Todos os doadores, segundo Eduardo, vieram pela Servus, que já realizava um trabalho social e transferiu os doadores e recursos para a Casa.
Números
Dados da entidade mostram que em 2022, ocorreram 1.758 atendimentos e que 467 pessoas passaram, sendo 189 vargengrandenses e 278 itinerantes. Das pessoas atendidas no ano, 7,06% eram mulheres e 92,94% mulheres. Foram registrados, apenas em 2021, uma média de 3.469 alimentações, 3.230 banhos e 2.980 pernoites.
Em 2022, os dados foram ainda maiores, onde foram registrados 1.987 atendimentos e 431 pessoas passando pela entidade, sendo 211 vargengrandenses e 220 itinerantes. Do total, 9,97% eram mulheres e 90,03% eram homens.
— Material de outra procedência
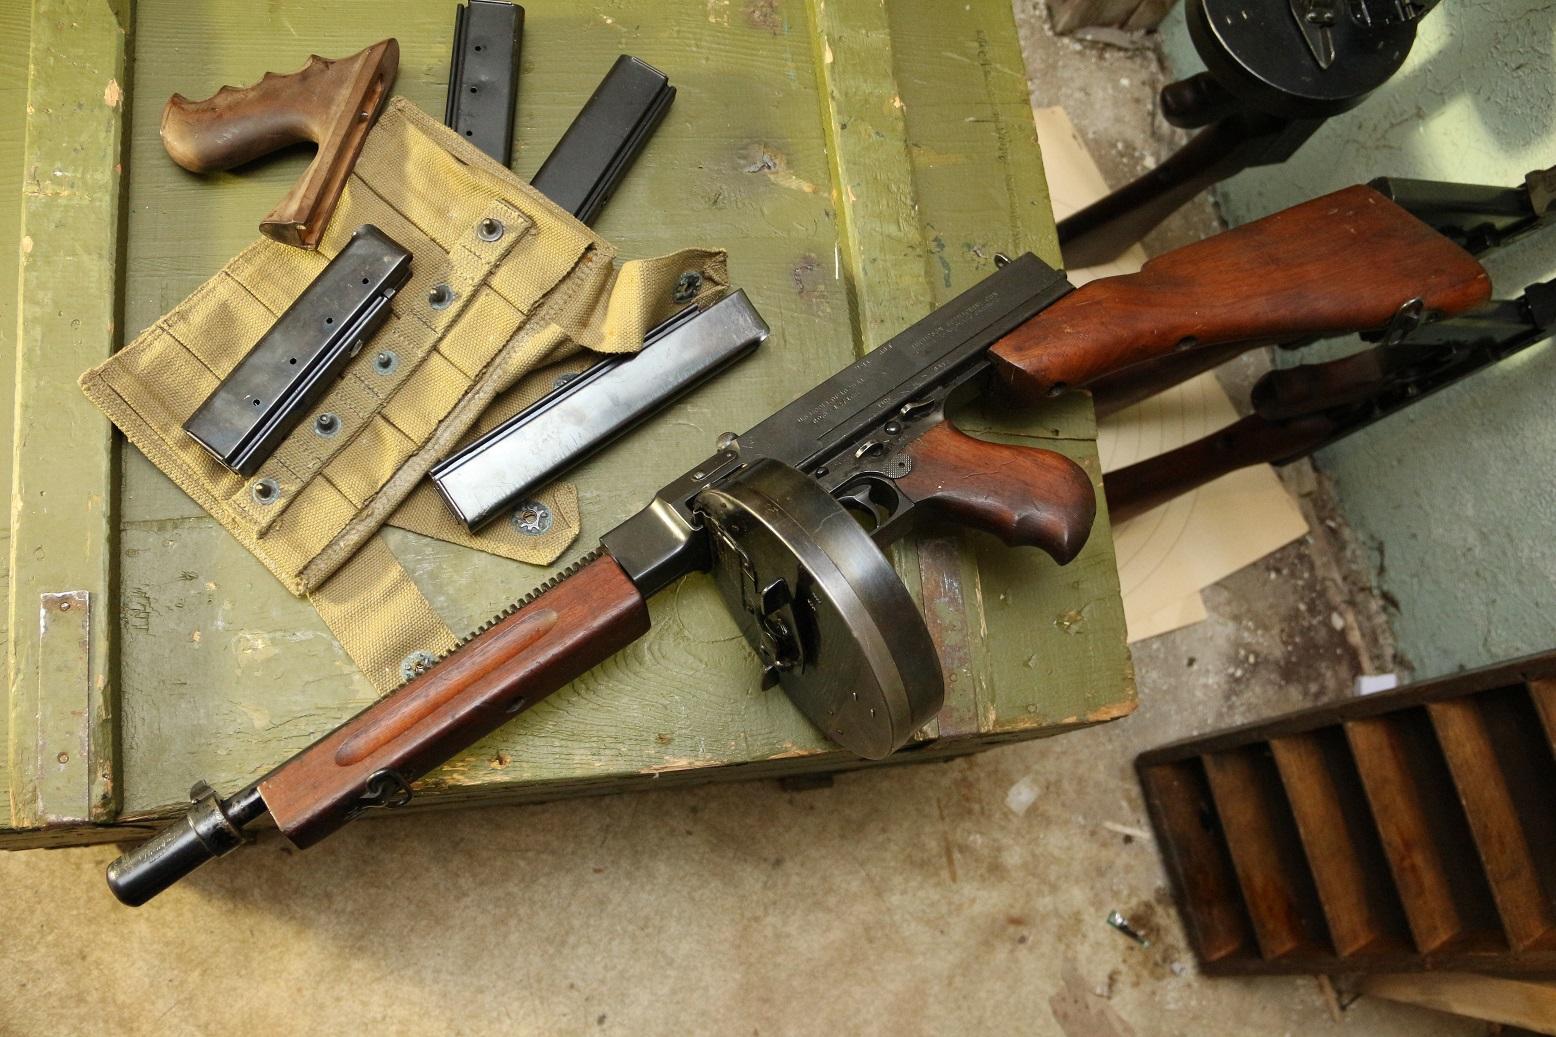 Фото Пистолет-пулемет Томпсон 1928а1 #427166, рифленый ствол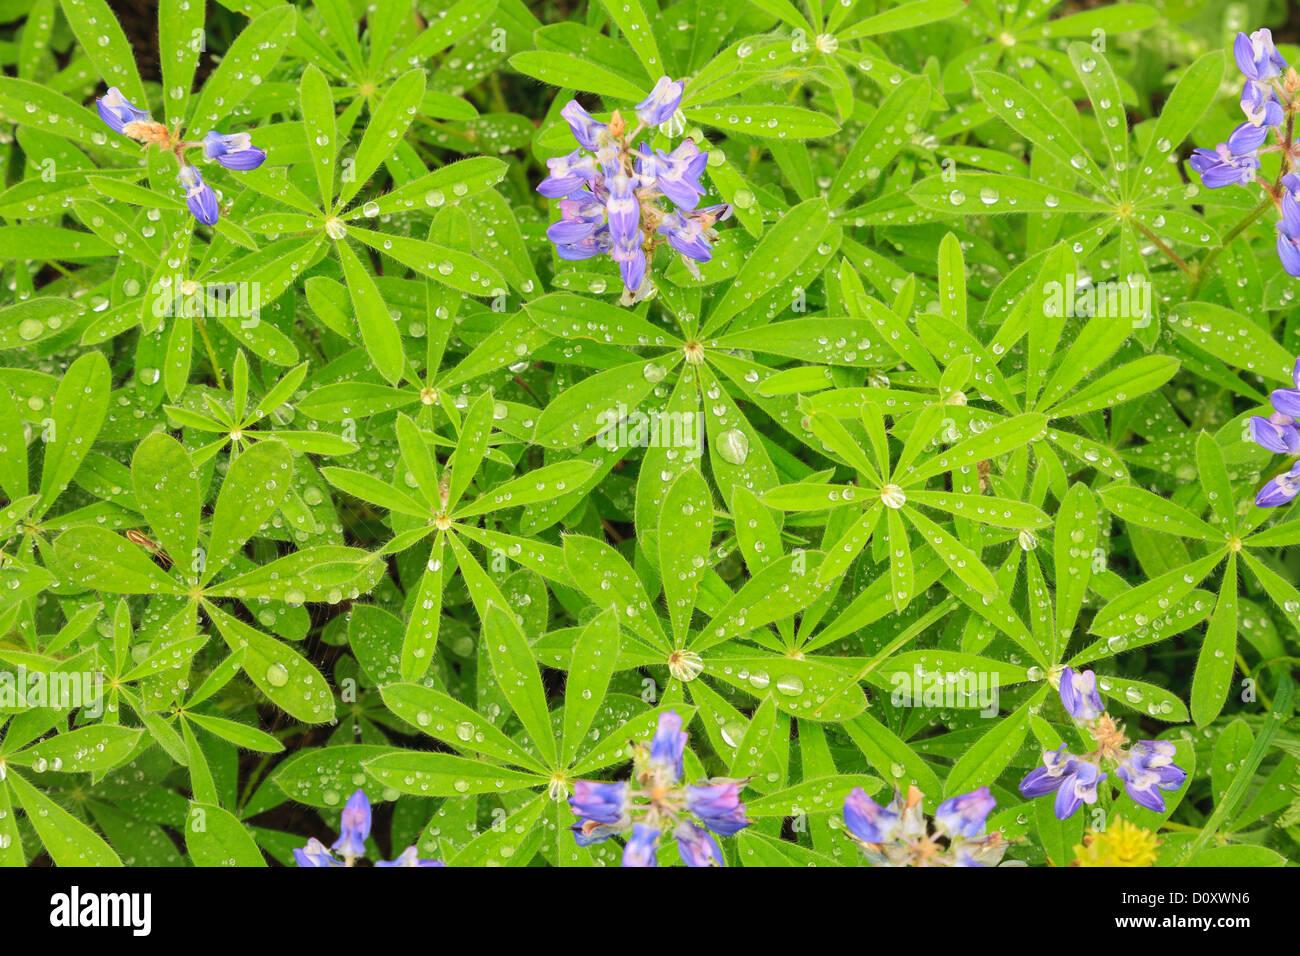 Summer alpine wild flowers, Mount Rainier National Park, Washington, USA - Stock Image

A Casa de Passagem concedeu uma média de 3.974 alimentações, 3.750 banhos e 3.675 pernoites.
De janeiro a abril de 2023, a entidade já soma 871 atendimentos e 1.742 alimentações fornecidas.
Hoje, conforme informou Eduardo, o orçamento da Casa de Passagem é de R$ 7.559,20 mensal e R$ 90,710,40 anual mantidos com recursos próprios.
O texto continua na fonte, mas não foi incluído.